07 Jan Meet Donovan Farris, ITHS Gene and Cell Therapy Lab Manager
Tell us about your role at ITHS.
I manage the Institute of Translational Health Science’s Gene and Cell Therapy Lab and oversee the operations that happen within the facilities. That includes working with researchers in transferring their research protocols to our lab, training and managing lab staff, and ensuring the facility is meeting all regulatory requirements. I work with researchers or industry clients to make sure they are prepared to run clinical protocols within our Good Manufacturing Practices (GMP) facility.
Before coming to ITHS, you were at Dendreon for 14 years and held several different positions. What kind of work did you do there?

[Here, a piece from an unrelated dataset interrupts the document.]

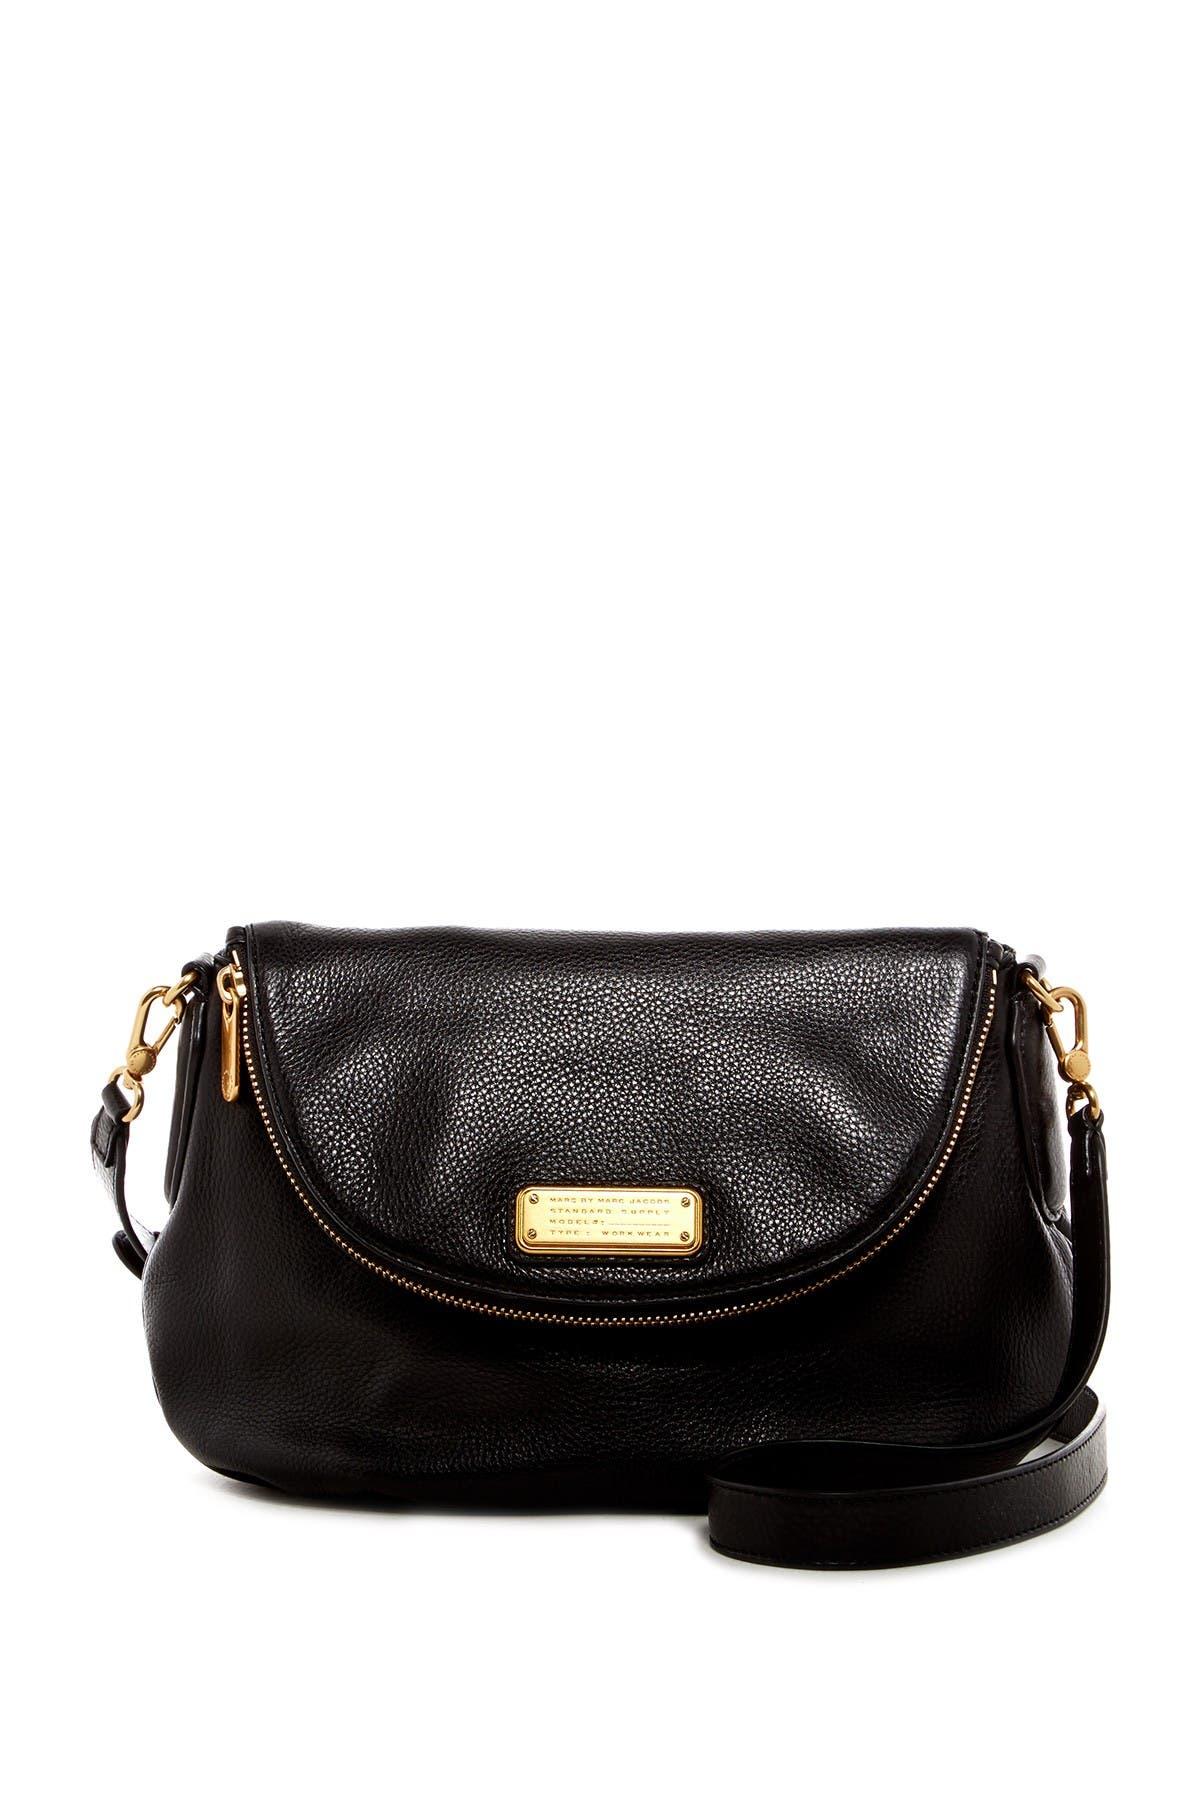 Image of Marc by Marc Jacobs Natasha Leather Crossbody Bag

I started at Dendreon as a lab tech. I worked my way up to supervisor and then manager. It was a great experience. I was exposed to a variety of opportunities and it gave me a well-rounded background in how to move cell therapies through clinical trials to commercial application. The Gene and Cell Therapy Lab, here at the UW Medical Center, is roughly the same size as the clinical facility that we ran at Dendreon. This is a very familiar position for me. The later part of my years at Dendreon, I worked as the Manager of Global Operations.
What gets you excited to come into work every day?
Particularly here at ITHS, I am excited about some of the research that we are currently helping with in our lab. We are finishing up our pilot runs with the heart regenerative program out of Dr. Charles Murry’s lab, and are preparing to start GMP production very soon.
The project is aimed at people who have had heart attacks. When someone has a heart attack, part of his or her heart actually gets damaged and dies. If the damage is severe enough it can lead to heart failure and death.
With stem cell technology that is being used, researchers are looking to inject stem cells directly into the damaged areas of the heart and regenerate the lost tissue. Patients could potentially regain heart function that was lost. The early published data looks very promising.
Beyond that, I am looking forward to working on many different types of cell therapies that will be coming through our lab. The Gene and Cell Therapy Lab is designed to handle multiple protocols simultaneously. Being able to be a part of new clinical trials and helping research move beyond the lab bench is a very exciting and fulfilling job.
What services does the Gene and Cell Therapy Lab offer to researchers?
The facility is set up for cell-based work, primarily providing a GMP lab that can support ex vivo manipulations of patient cells. That could be expansion of a cell line, purification or selection of certain cell types, or even genetic modifications to cells. Right now, we are generating a master cell bank of stem cells for Dr. Murry’s heart regenerative project. In the past, some of the projects the facility has done are transfecting cells with plasmids, purifying stem cells from bone marrow, expanding T-cells, as well as banking cells and cryopreserving them for long-term storage. Also, we have a couple different cell sorting machines that can be used to select cells based on different cell markers.
Some of projects that are coming out of research labs might not be fully developed. They may need a little more process development or help in scaling up. New documentation will need to be created for each process, especially if they are heading into clinical trials. We can work with each project to identify those areas that need strengthening and then work side-by-side with them to implement those changes.
In addition, being part of the greater ITHS family, there is a variety of supporting functions that we can help plug into outside the lab. For example, ITHS can help with regulatory filings, grant writing, and study design.
What are your goals for the ITHS Gene and Cell Therapy Lab over the next year?
The first big goal is to get the Heart Regenerative Program off the ground and on their way to getting into clinical trials. Additionally, we’ll be working on improving our lab, procedures, and practices. Being a Good Manufacturing Practices facility is about constant improvement. You can never rest with where you’re at. In this business there are always changes to regulations, best practices and technology. It’s my job to ensure we stay modern and compliant.
Beyond that, it is my personal goal to increase the awareness of our lab in the research community and industry. To have a successful and thriving lab, we need to be bringing in new projects at a regular pace.
From cancer immunology to breakthroughs in stem cell therapy and vaccine design, there have been a lot of significant developments in this field recently. What research developments get you most excited?
I am excited about anything to do with stem cells. Stem cell research is cutting-edge research, and it is turning the corner in terms of being more widely researched and used in clinical trials.
There are so many new studies being published every day. We’re seeing potential therapies being developed for a vast number of diseases: Parkinson’s, blindness, spinal cord damage, to a large variety of cancer treatments. There are a lot of unmet needs that can be met with this technology, and the world-wide scientific community is just getting started. It’s a really exciting time in cell therapy research, and the ITHS Gene and Cell Therapy facility is uniquely positioned to help accelerate the process of getting these types of therapies to patients that need them.